However I suspect the development of and industrial policy will be much more of complex affair post Corona Virus.  The fact that we were reliant on imports from a very few suppliers for some key goods may drive a industrial policy away from the ultra free-marketeers.  More so if the US carries on its reported policy of hijacking of goods destined for other countries in various parts of the world especially where they are made by US companies.  Increasing UK (United Kingdom) manufacture of essential goods will go down well in the Tory northern wall seats. 
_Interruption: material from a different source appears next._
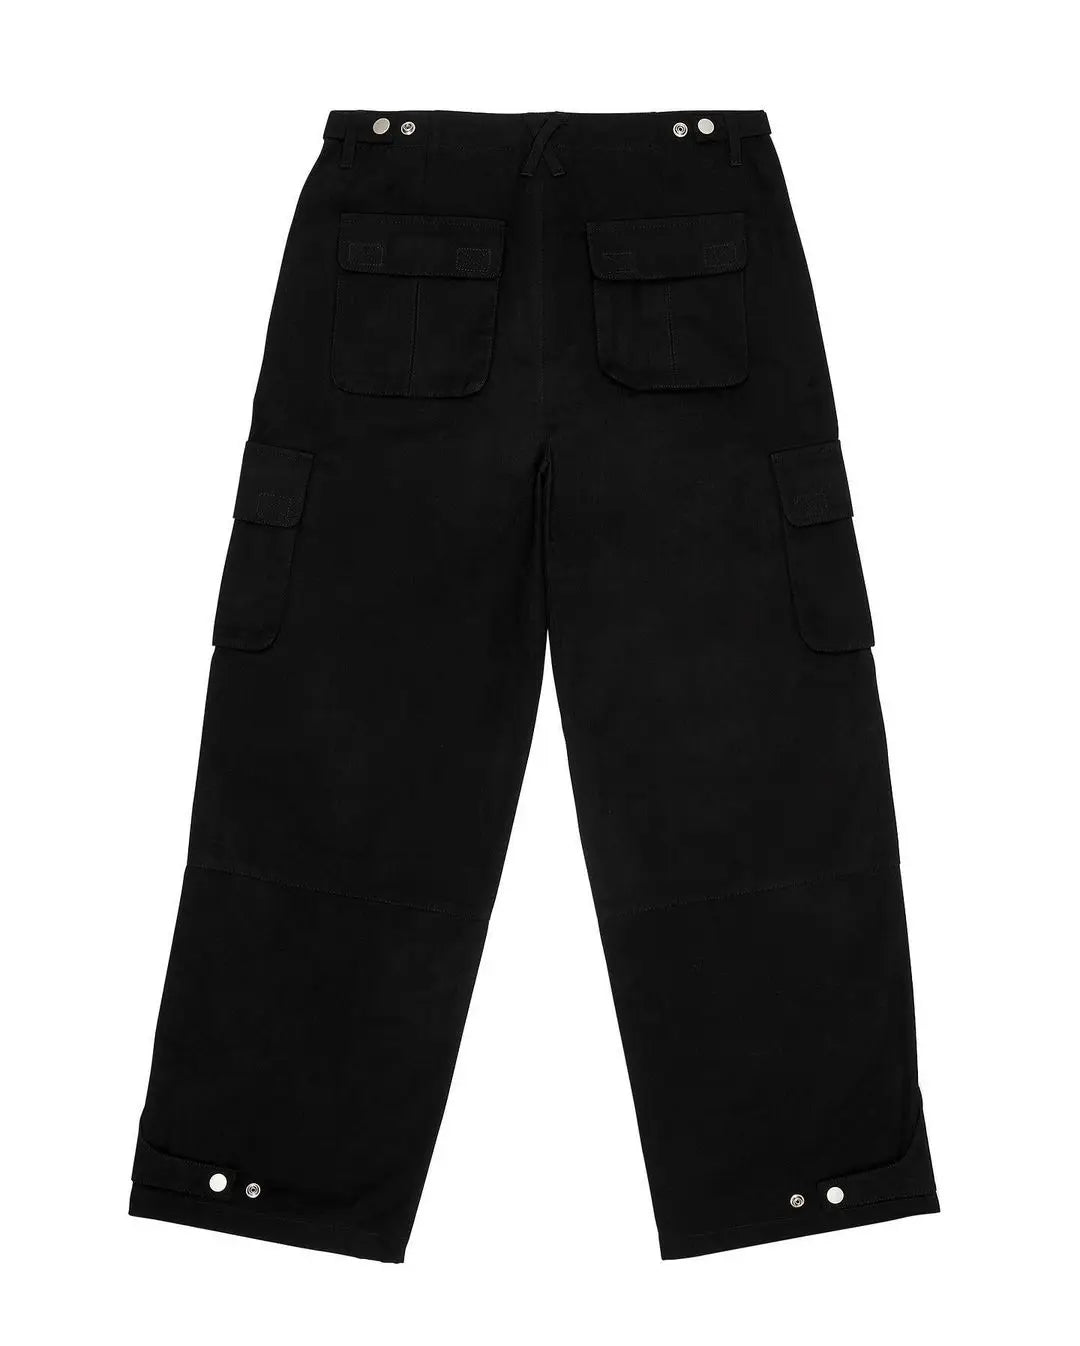 Rhinestone Skull Full Length Gothic Black Pants Women Clothing Baggy Jeans Streetwear Women High Waist Hip Hop Y2k Pants

Even before the Corona Virus there have been shortages of some drugs because of quality issues at a single manufacture, because drug companies had consolidated manufacture in one place.   
Very true. From the early news that dentists' face masks are made in China (I wonder how little that saves), to the admission that we don't have a testing manufacturing capability in the same way the Germany has, presumably because the free market has led us to allow our own bio-science capability to be take over and then closed down.

And re the highlighted bit, I gather that the face masks in question can only be made with Canadian sourced paper, yet Trump has banned their export to Canada.  It would be a wonderful example of Karma if the obvious action was taken by them, although making a point to Trump would potentially risk many lives, so I am sure that the Canadians will be bigger than to take such action. And rightly so.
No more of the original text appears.